What do these experiments prove? Do they disprove once for all the opinion that mutilations cannot be transmitted? Certainly not, when taken alone. If this conclusion were drawn from these experiments alone and without considering other facts, it might be rightly objected that the number of generations had been far too small. It might be urged that it was probable that the hereditary effects of mutilation would only appear after a greater number of generations had elapsed. They might not appear by the fifth generation, but perhaps by the sixth, tenth, twentieth, or hundredth generation.
We cannot say much against this objection, for there are actual phenomena of variation which must depend upon such a gradual and at first imperceptible change in the germ-plasm, a change which does not become visible in the descendants until after the lapse of generations. The wild pansy does not change at once when planted in garden soil: at first it remains apparently unchanged, but sooner or later in the course of generations variations, chiefly in the colour and size of the flowers, begin to appear: these are propagated by seed and are therefore the consequence of variations in the germ. The fact that such variations never occur in the first generation proves that they must be prepared for by a gradual transformation of the germ-plasm.
It is therefore possible to imagine that the modifying effects of external influences upon the germ-plasm may be gradual and may increase in the course of generations, so that visible changes in the body (soma) are not produced until the effects have reached a certain intensity.
Thus no conclusive theoretical objections can be brought forward against the supposition that the hereditary transmission of mutilations requires (e. g.) 1000 generations before it can become visible. We cannot estimate a priori the strength of the influences which are capable of changing the germ-plasm, and experience alone can teach us the number of generations through which they must act before visible effects are produced.
If therefore mutilations really act upon the germ-plasm as the causes of variation, the possibility or even probability of the ultimate appearance of hereditary effects could not be denied.

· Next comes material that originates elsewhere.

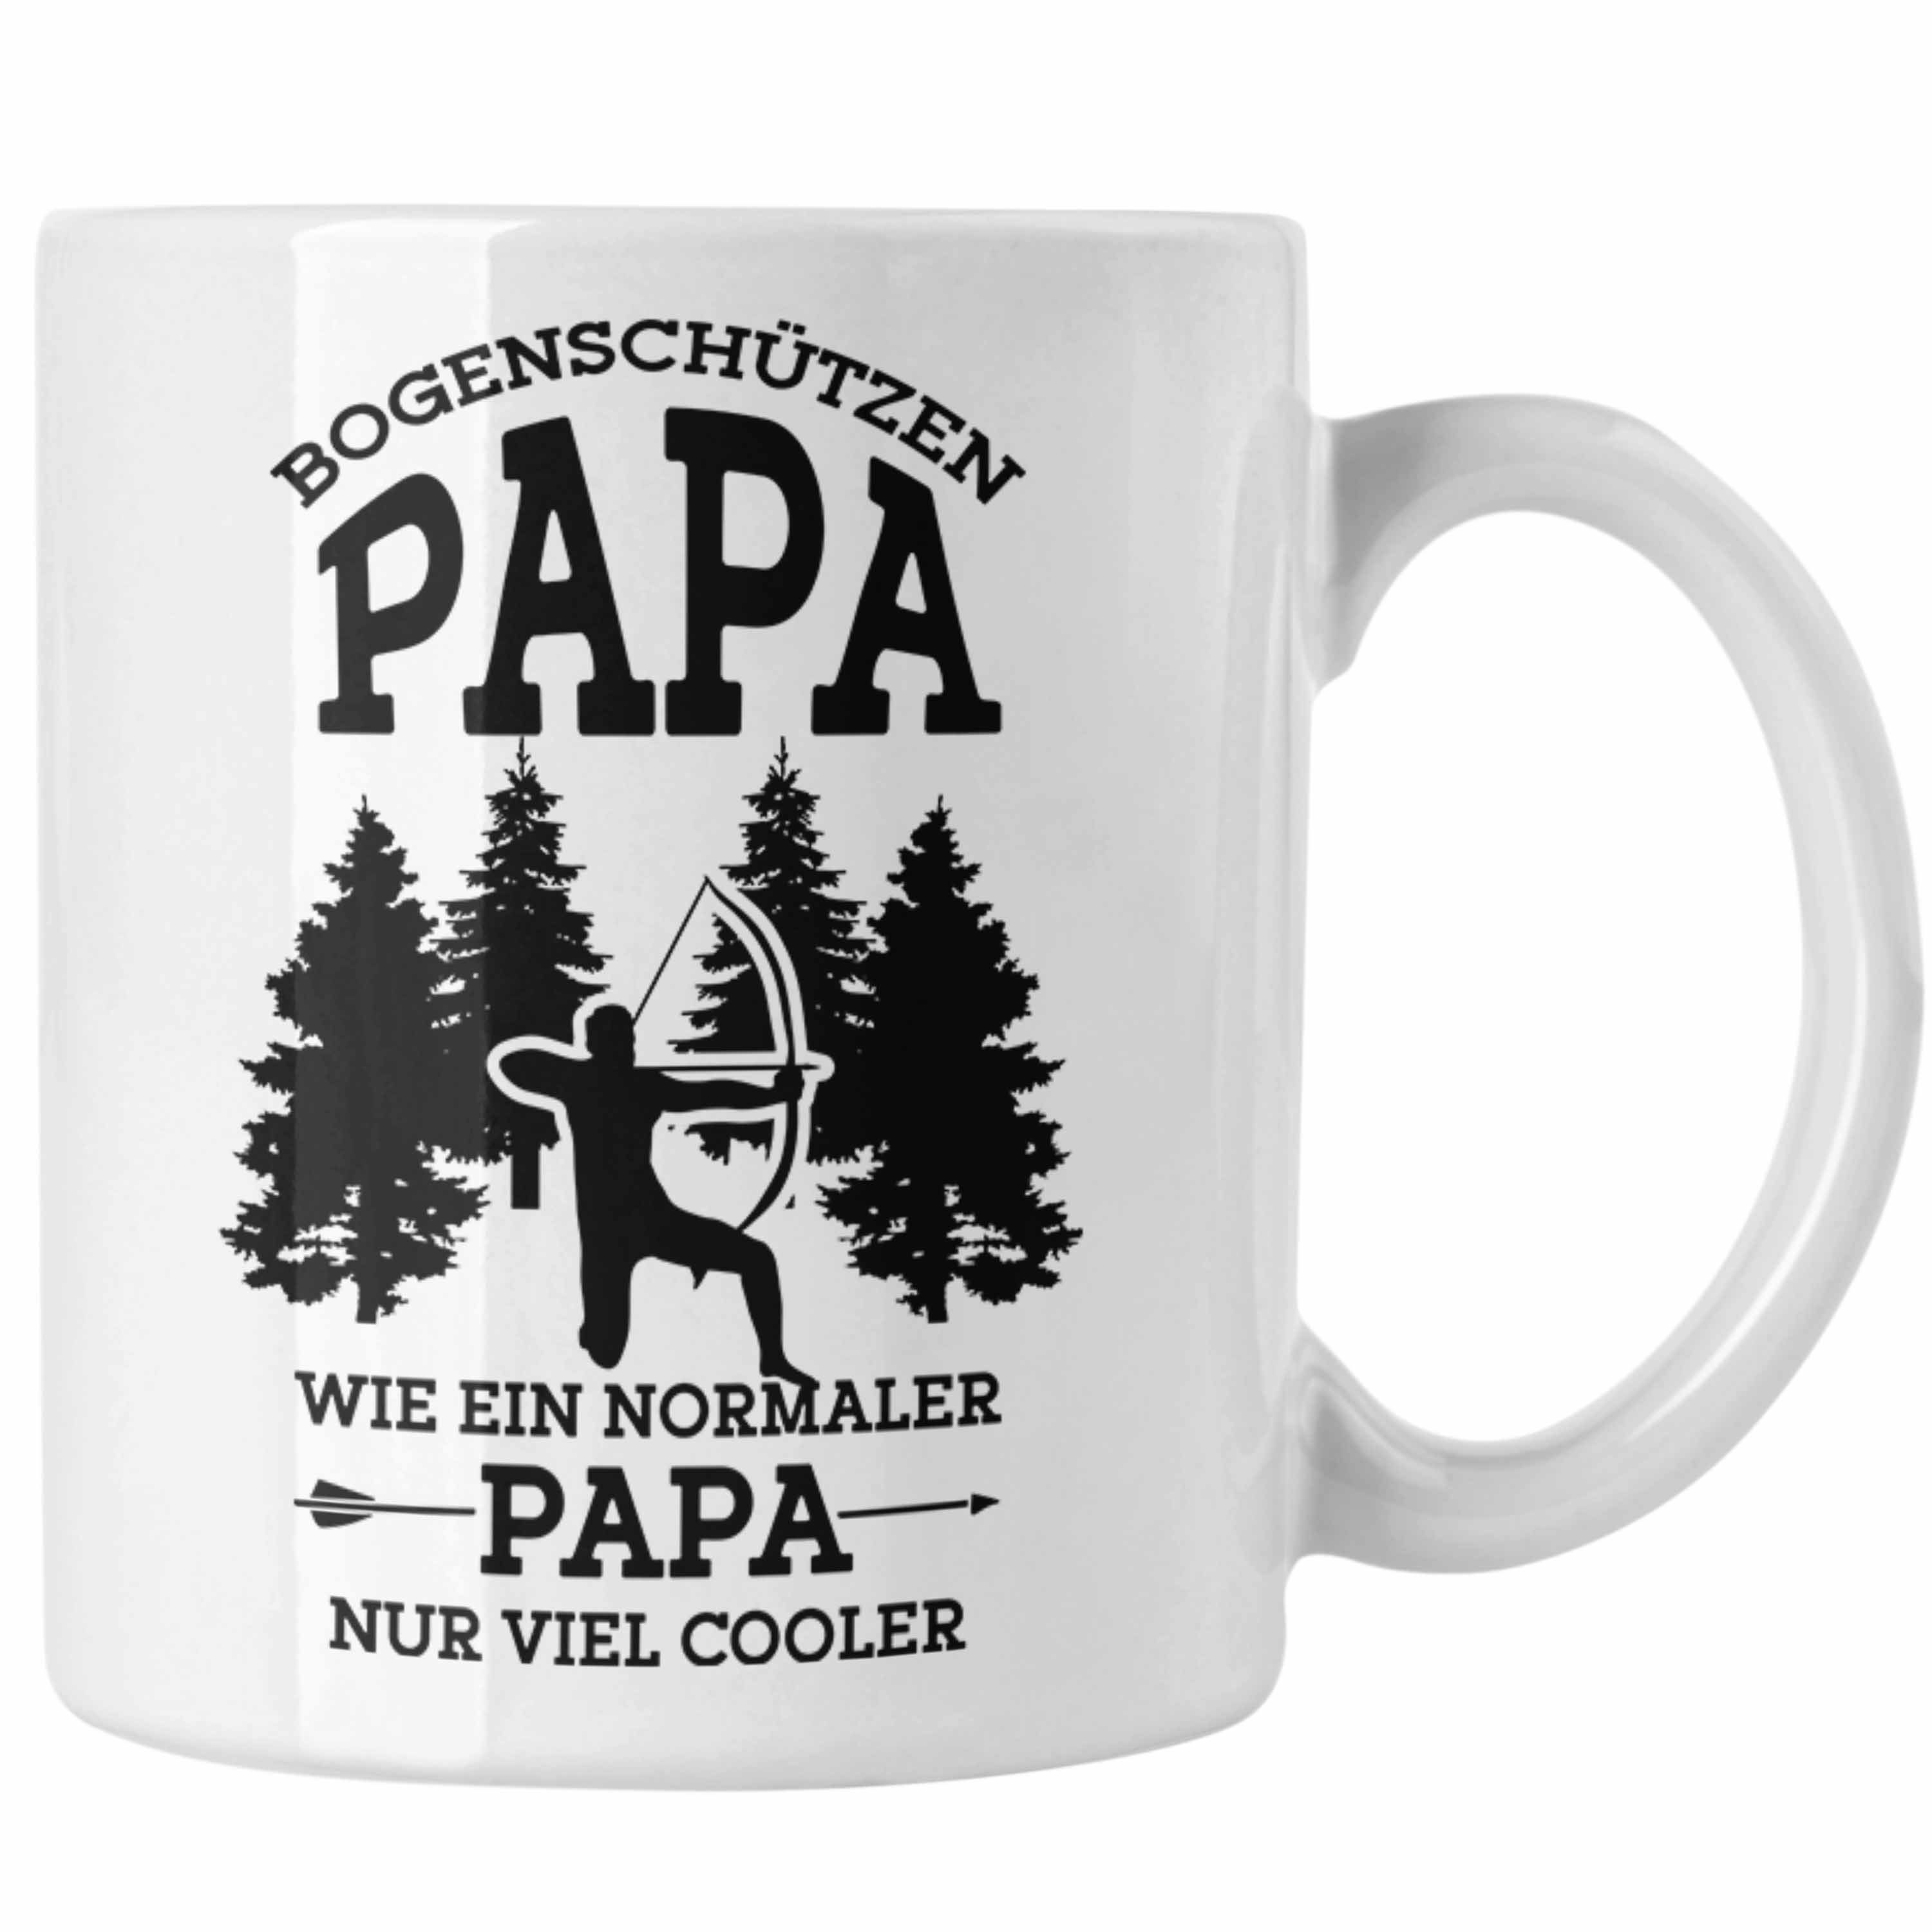 Trendation Tasse Lustige Bogenschießen Tasse für Papa Bogenschütze Geschenkidee Vatert Weiss

Hence the experiments on mice, when taken alone, do not constitute a complete disproof of such a supposition: they would have to be continued to infinity before we could maintain with certainty that hereditary transmission cannot take place. But it must be remembered that all the so-called proofs which have hitherto been brought forward in favour of the transmission of mutilations assert the transmission of a single mutilation which at once became visible in the following generation. Furthermore the mutilation was only inflicted upon one of the parents, not upon both, as in my experiments with mice. Hence, contrasted with these experiments, all such ‘proofs’ collapse; they must all depend upon error.
It is for this reason important to consider those cases of habitual mutilation which have been continually repeated for numerous generations of men, and have not produced any hereditary consequences. With regard to the habitually amputated tails of cats and dogs I have already shown that there is only an apparently hereditary effect. Furthermore, the mutilations of certain parts of the human body, as practised by different nations from times immemorial, have, in not a single instance, led to the malformation or reduction of the parts in question. Such hereditary effects have been produced neither by circumcision301, nor the removal of the front teeth, nor the boring of holes in the lips or nose, nor the extraordinary artificial crushing and crippling of the feet of Chinese women. No child among any of the nations referred to possesses the slightest trace of these mutilations when born: they have to be acquired anew in every generation.